**Data excerpt**
= = = =

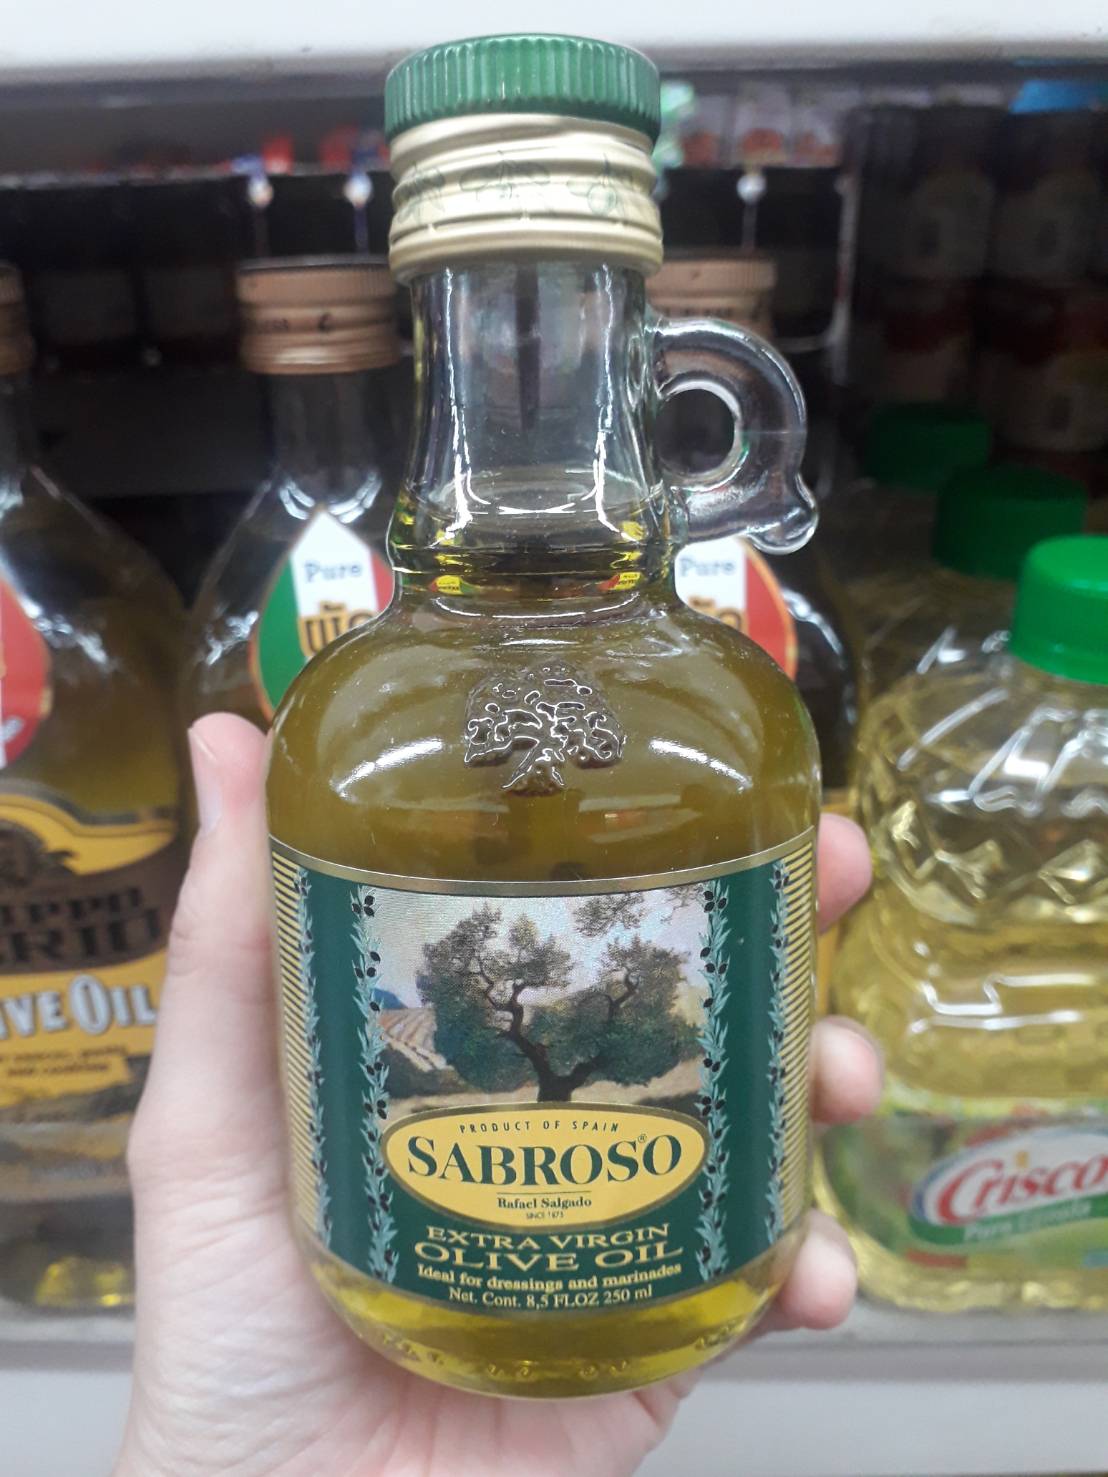 Sabroso Extra Virgin Olive Oil /ซาโบรโซ เอ็กซ์ตร้า เวอร์จิ้น โอลีฟ ออยล์ (น้ำมันมะกอกธรรมชาติไม่ผ่านกรรมวิธี 100%) ขนาด 250 มล.
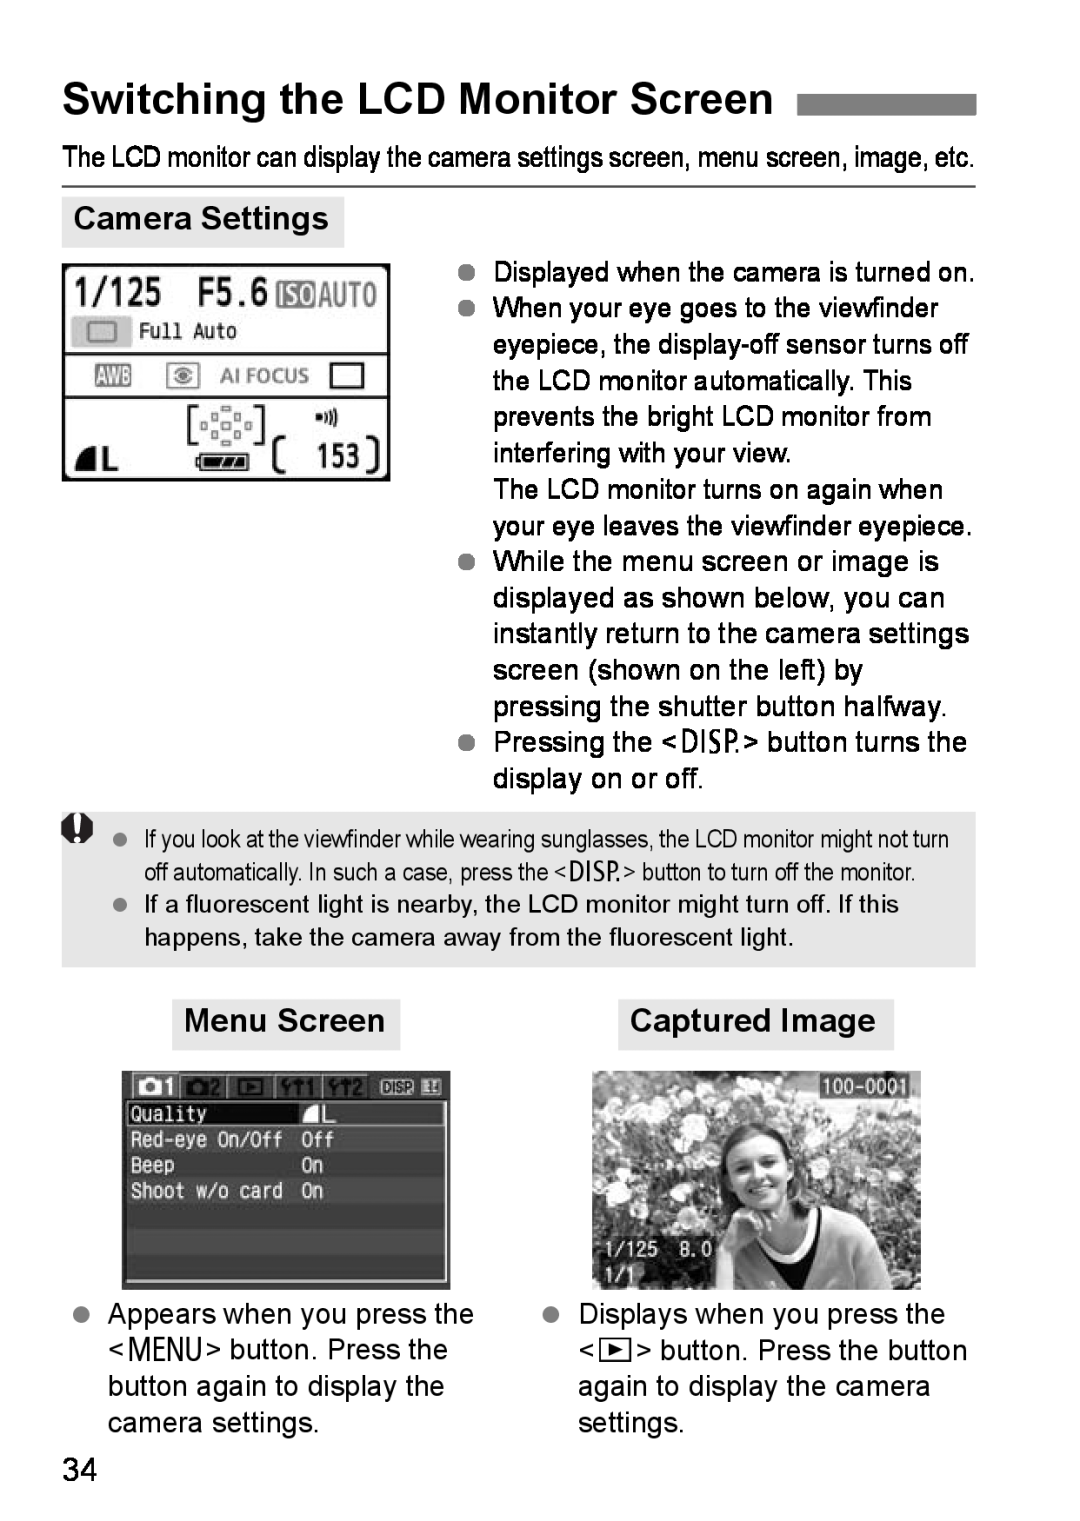 Canon EOS DIGITAL REBEL XTI Switching the LCD Monitor Screen, Camera Settings, Menu Screen, Captured Image 
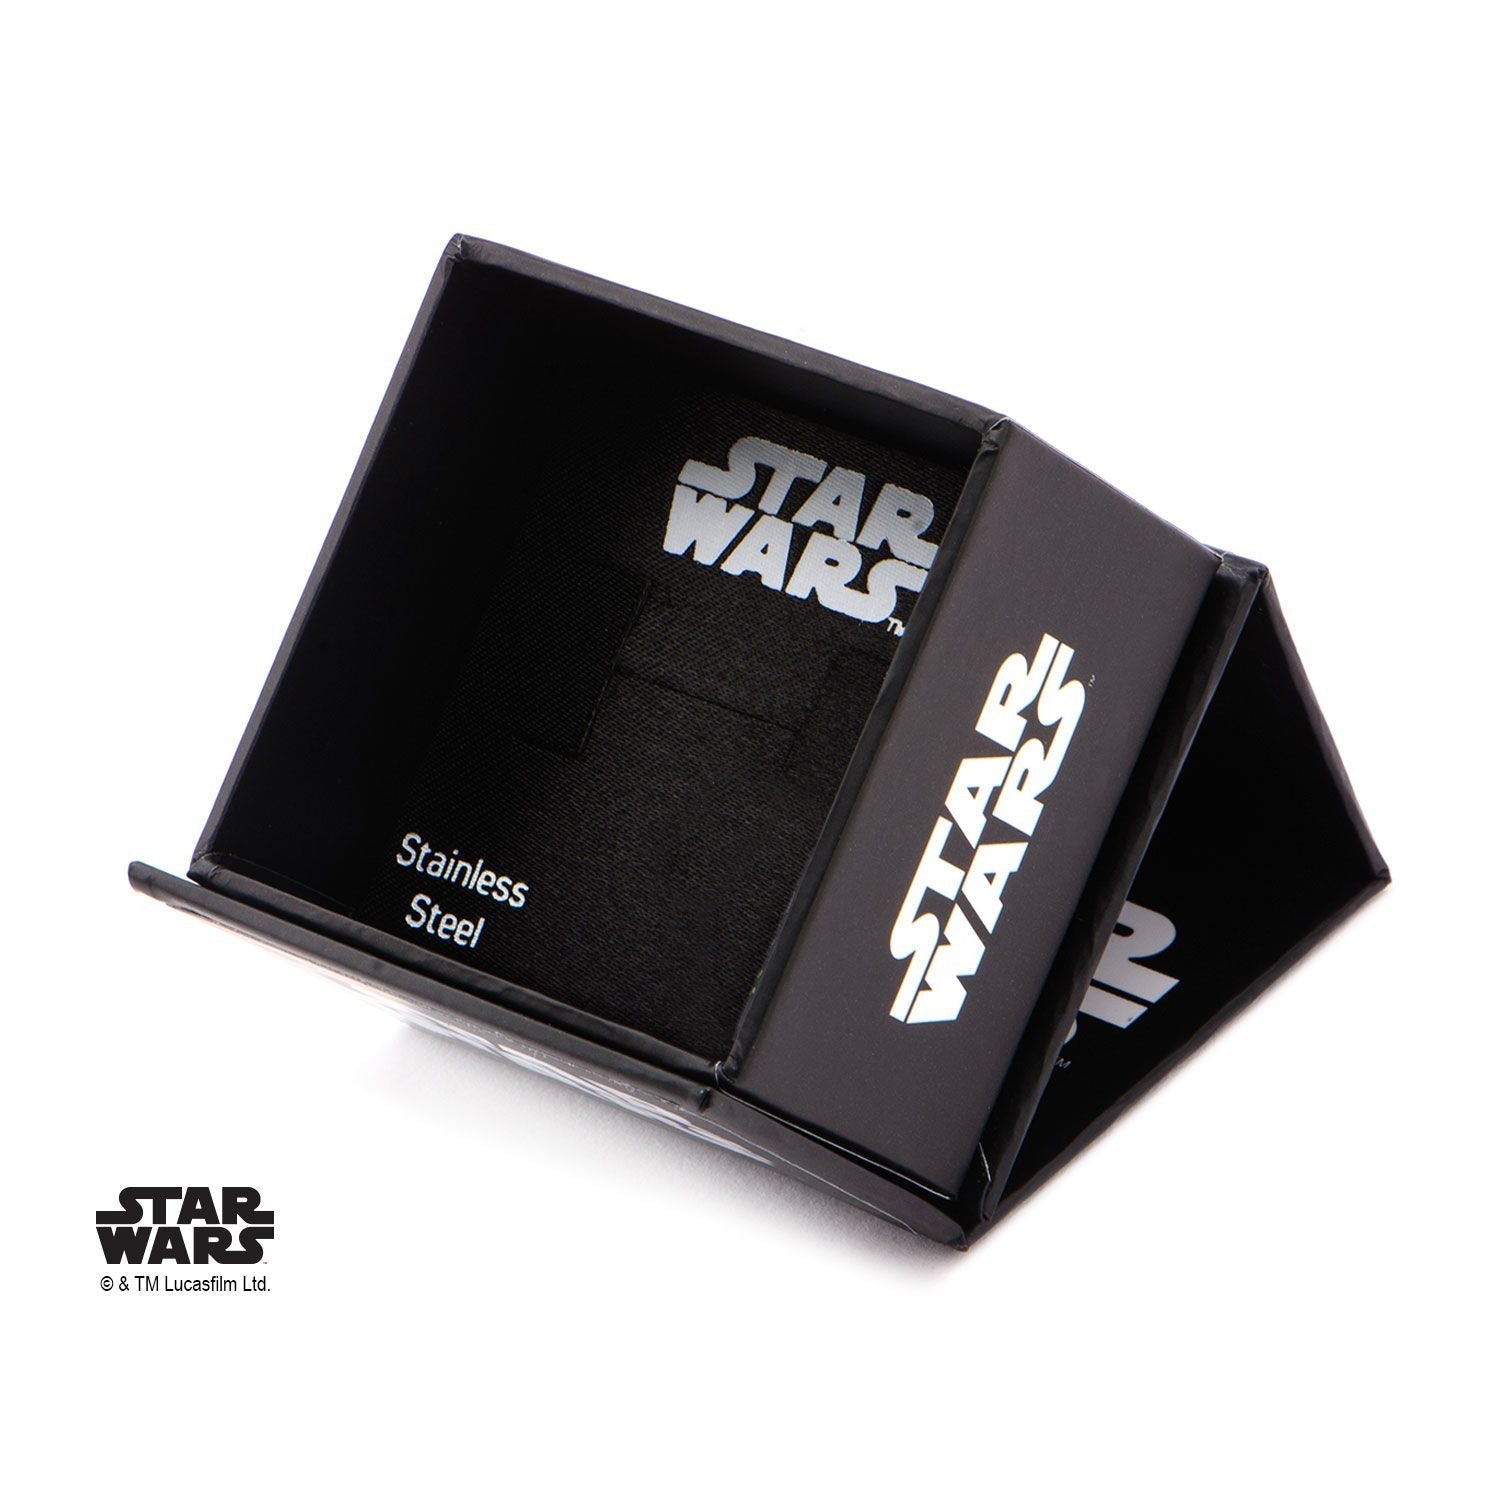 STAR WARS Star Wars Stormtrooper Square Top Ring -Rebel Bod-RebelBod

= = = =

Everything in the data except the pictures must be retyped exactly.

 Sabroso Extra Virgin Olive Oil /ซาโบรโซ เอ็กซ์ตร้า เวอร์จิ้น โอลีฟ ออยล์ (น้ำมันมะกอกธรรมชาติไม่ผ่านกรรมวิธี 100%) ขนาด 250 มล.
 Canon EOS DIGITAL REBEL XTI Switching the LCD Monitor Screen, Camera Settings, Menu Screen, Captured Image 
 STAR WARS Star Wars Stormtrooper Square Top Ring -Rebel Bod-RebelBod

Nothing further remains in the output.